_YOUR OBJECTIVE:_
Please retype the data in full and exactly; the pictures are not part of the copy.

_RAW DATA:_
================

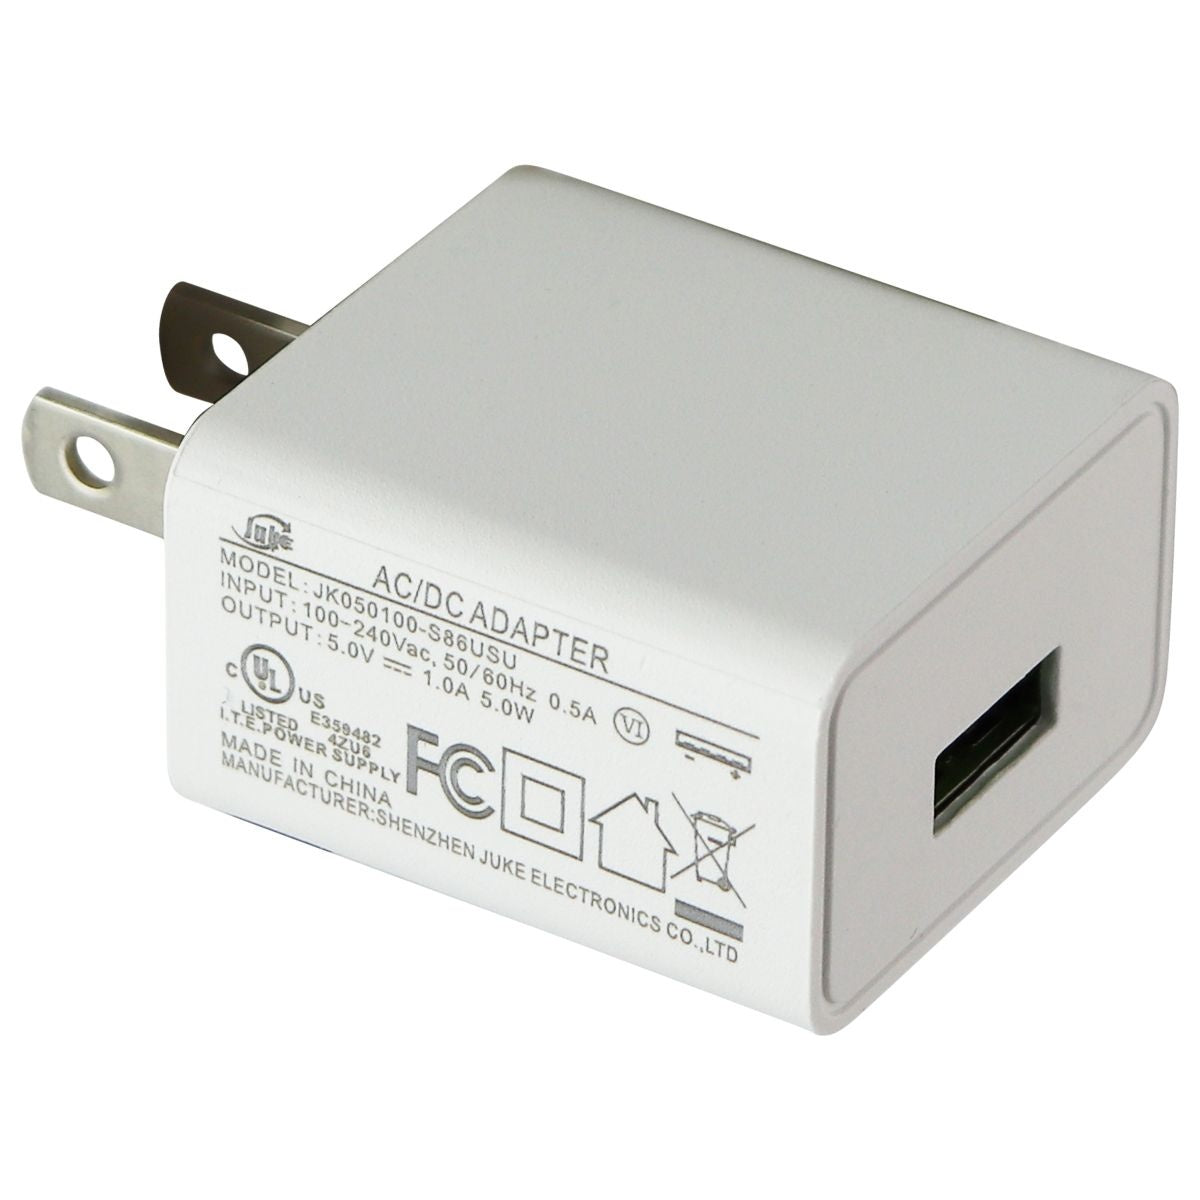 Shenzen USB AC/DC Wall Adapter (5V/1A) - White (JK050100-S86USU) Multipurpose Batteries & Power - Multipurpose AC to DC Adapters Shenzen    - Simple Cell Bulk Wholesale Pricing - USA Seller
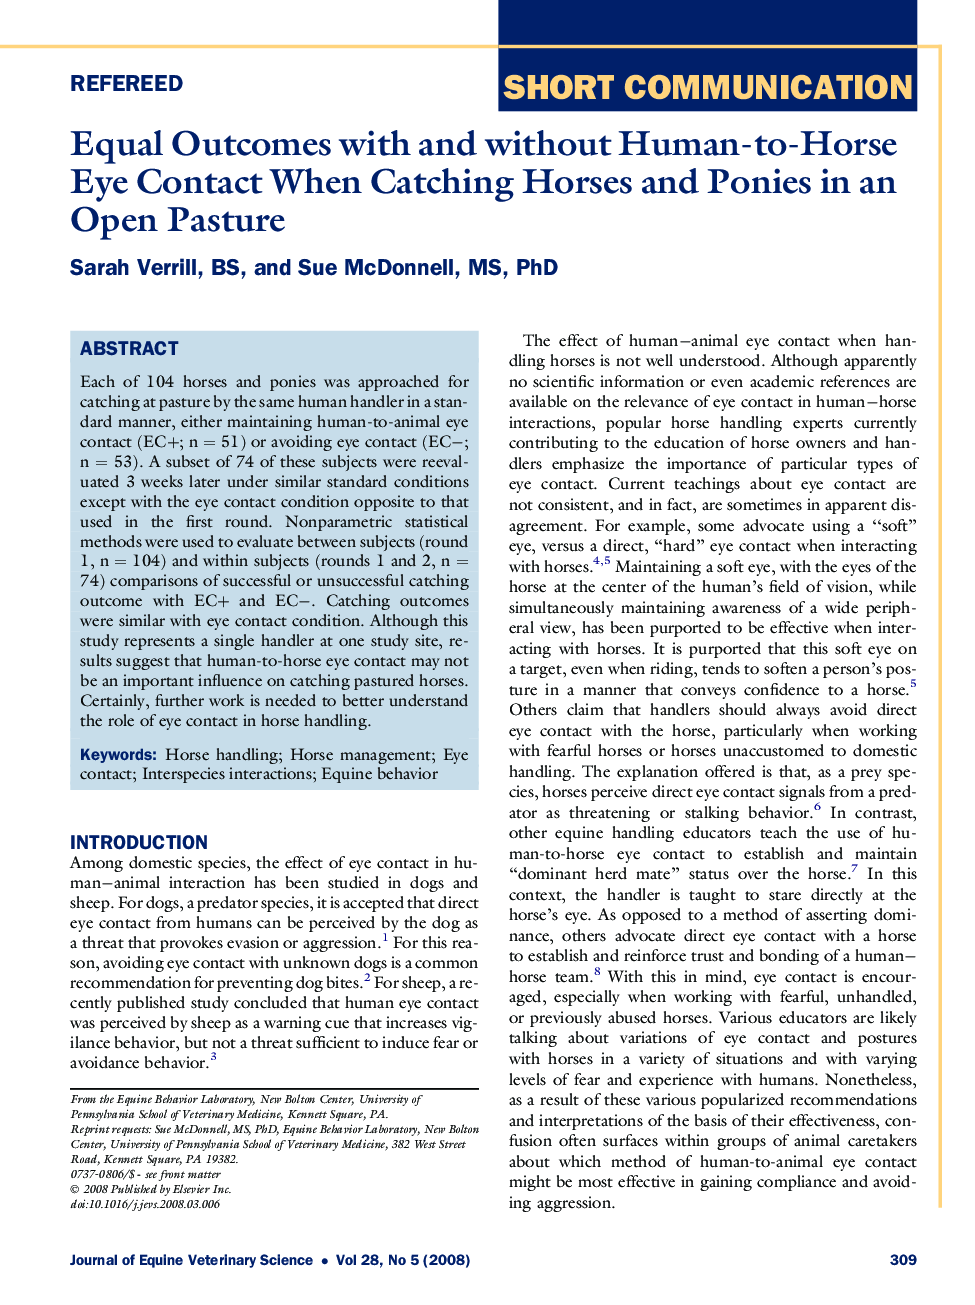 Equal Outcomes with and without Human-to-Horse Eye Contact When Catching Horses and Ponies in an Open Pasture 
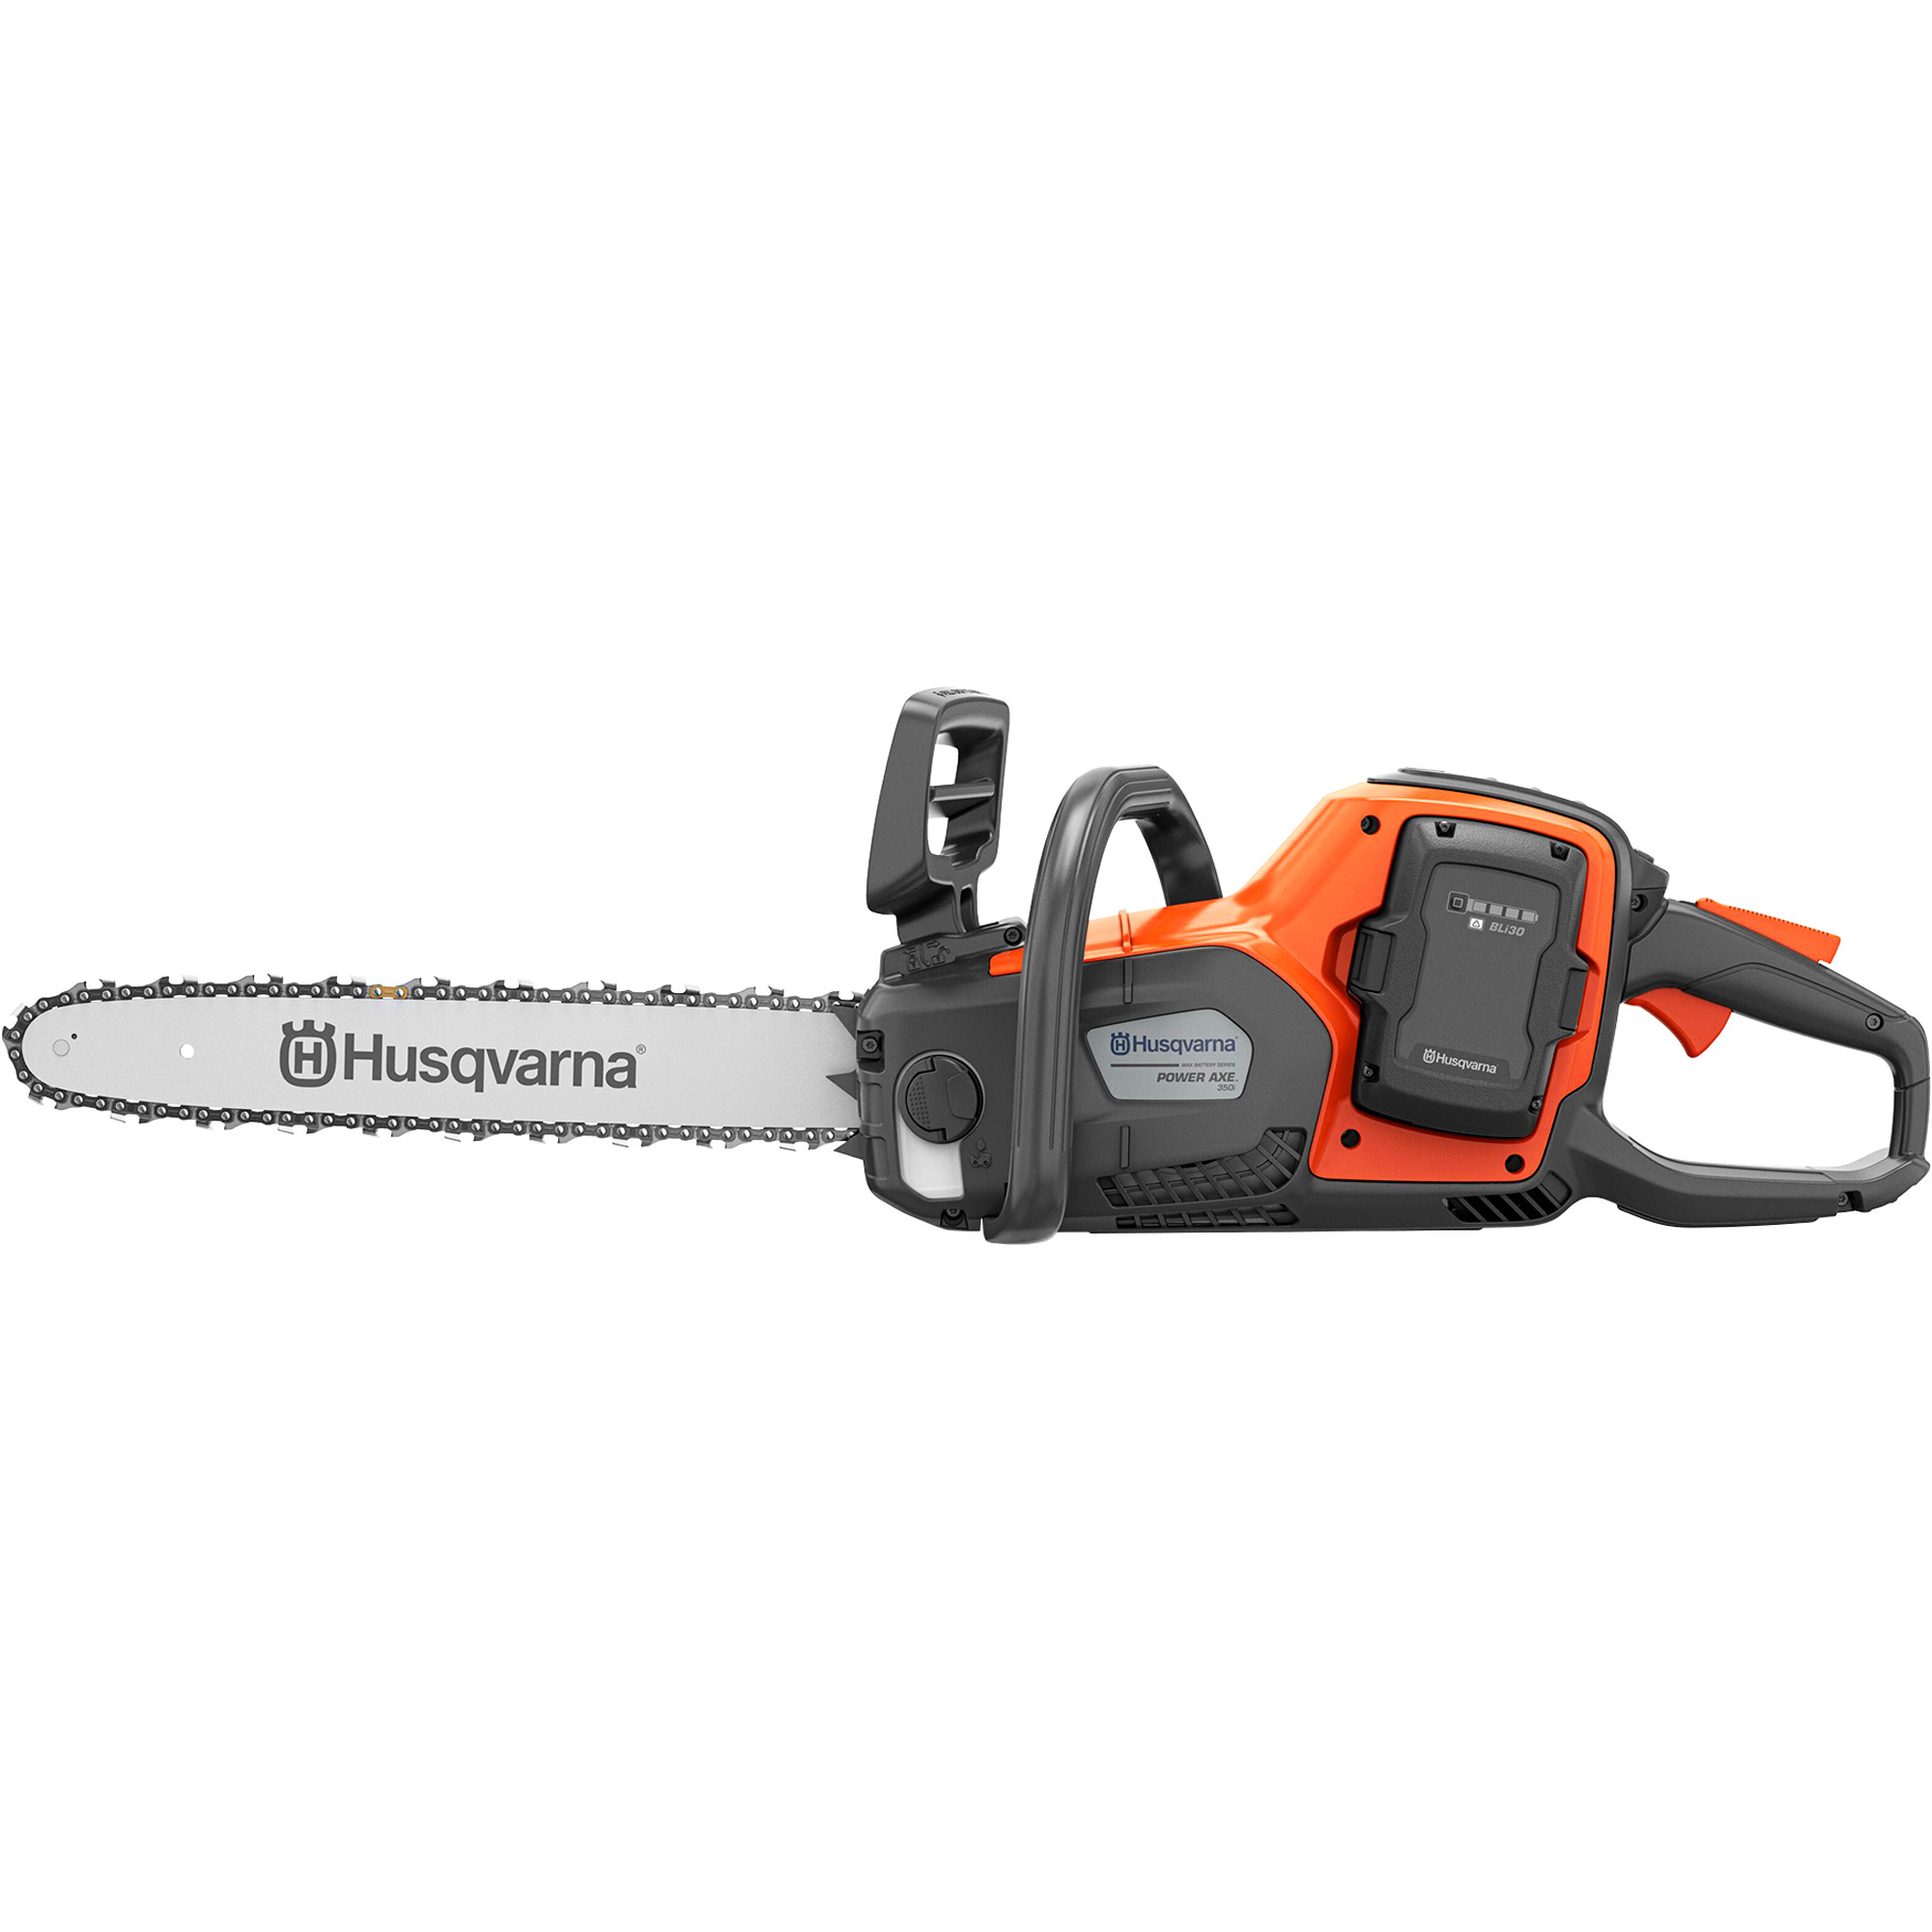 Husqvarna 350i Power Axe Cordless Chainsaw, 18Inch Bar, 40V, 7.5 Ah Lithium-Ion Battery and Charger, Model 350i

================

_SOLUTION TO THE PROBLEM:_
 Shenzen USB AC/DC Wall Adapter (5V/1A) - White (JK050100-S86USU) Multipurpose Batteries & Power - Multipurpose AC to DC Adapters Shenzen    - Simple Cell Bulk Wholesale Pricing - USA Seller
 Equal Outcomes with and without Human-to-Horse Eye Contact When Catching Horses and Ponies in an Open Pasture 
 Husqvarna 350i Power Axe Cordless Chainsaw, 18Inch Bar, 40V, 7.5 Ah Lithium-Ion Battery and Charger, Model 350i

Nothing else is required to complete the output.